In [718]: x=list(range(3))
In [719]: for i in range(3):
     ...:     x[i] = x[2-i]
In [720]: x
Out[720]: [2, 1, 2]

The x[:] = x[::-1] is buffered, not because numpy recognizes that something special is happening, but because it always uses some sort of buffering with doing assignments.

The Python interpreter translates [] notation into calls to __setitem__ and __getitem__. So 681 and 682 do the same thing:

In [680]: x=np.arange(3)
In [681]: x[:] = x[::-1]
In [682]: x.__setitem__(slice(None), x.__getitem__(slice(None,None,-1)))
In [683]: x
Out[683]: array([0, 1, 2])

That means that x[::-1] is evaluated in full - to a temporary array, before being copied to x[:]. Now x[::-1] is a view, not a copy, so the setitem step must do some sort of buffered copy.

Another way to do this copy is with

np.copyto(x, x[::-1])

Checking the x.__array_interface__ I see that the data buffer address remains the same. So it is doing a copy, not just changing the data buffer address. But it's in low level compiled code.

Usually buffering is just a implementation issue that users don't need to worry about. ufunc.at is designed to deal with cases where that buffering creates problems. This topic comes up periodically; search for add.at.

=============

Note that Python lists behave the same way.
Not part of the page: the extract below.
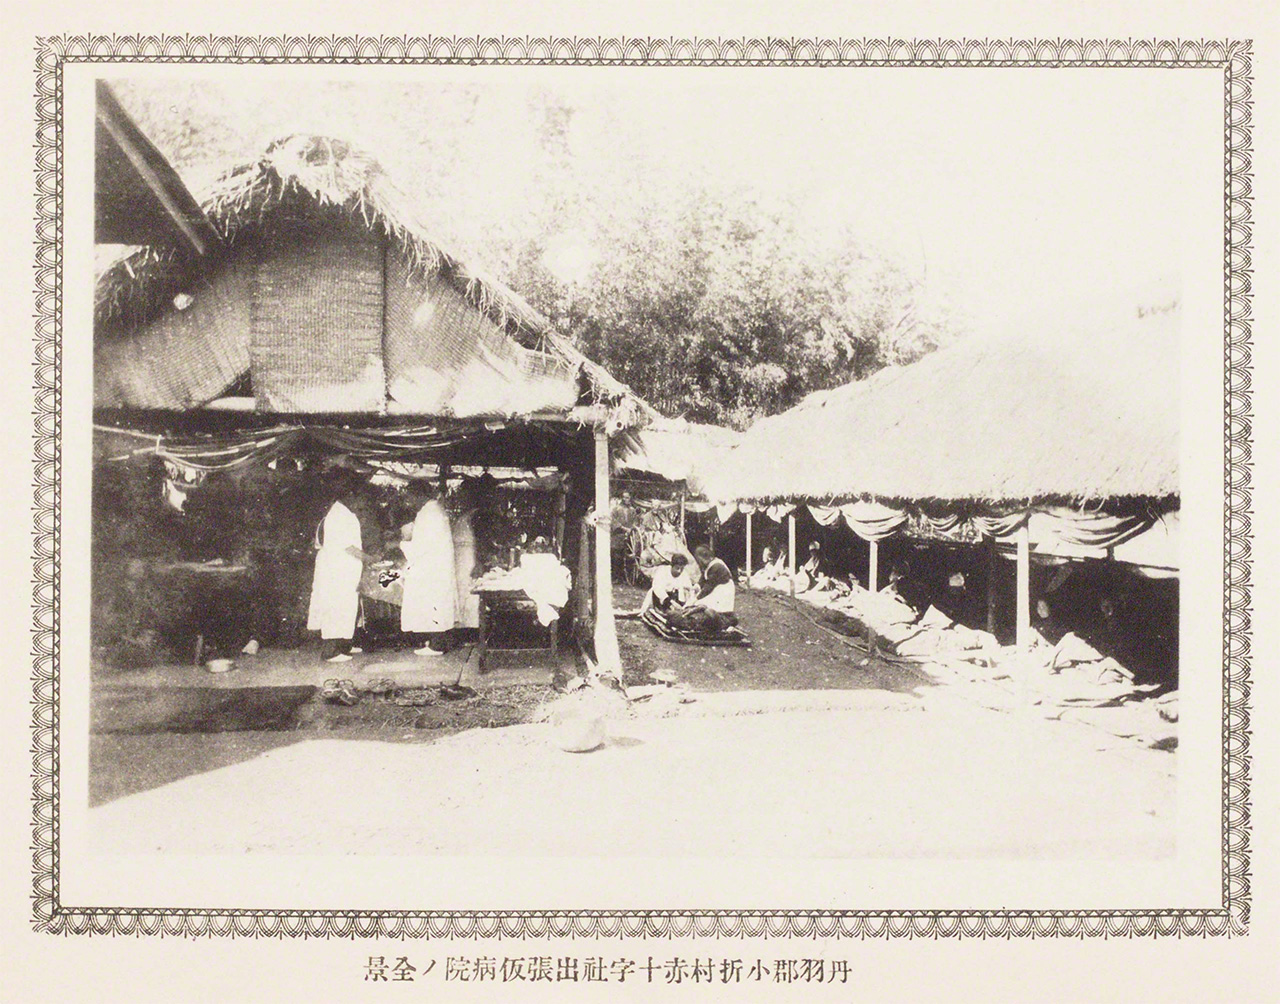 Fotografía de las labores de asistencia de la Cruz Roja de Japón tras el terremoto de Nōbi, ocurrido en 1891.

The translation to 'get/setitem' is the same.

In [699]: x=list(range(3))
In [700]: x[:] = x[::-1]
In [701]: x
Out[701]: [2, 1, 0]

======================

I'm not entirely sure this is relevant or not, but since I tested these ideas I'll document them. https://docs.scipy.org/doc/numpy/reference/arrays.nditer.html suggests using np.nditer as a stepping stone for implementing iterative tasks in cython.

A first stab at using nditer is:

In [769]: x=np.arange(5)
In [770]: it = np.nditer((x,x[::-1]), op_flags=[['readwrite'], ['readonly']])
In [771]: for i,j in it:
     ...:     print(i,j)
     ...:     i[...] = j
     ...:     
0 4
1 3
2 2
3 3
4 4
In [772]: x
Out[772]: array([4, 3, 2, 3, 4])

This produces the same sort of overlapping result as numba.

Adding a copy makes for a clean reversal.

it = np.nditer((x,x[::-1].copy()), op_flags=[['readwrite'], ['readonly']])

If I add the external_loop flag I also get a clean reversal:

In [781]: x=np.arange(5)
In [782]: it = np.nditer((x,x[::-1]), op_flags=[['readwrite'], ['readonly']], fl
     ...: ags = ['external_loop'])
In [783]: for i,j in it:
     ...:     print(i,j)
     ...:     i[...] = j
     ...:     
[0 1 2 3 4] [4 3 2 1 0]
In [784]: x
Out[784]: array([4, 3, 2, 1, 0])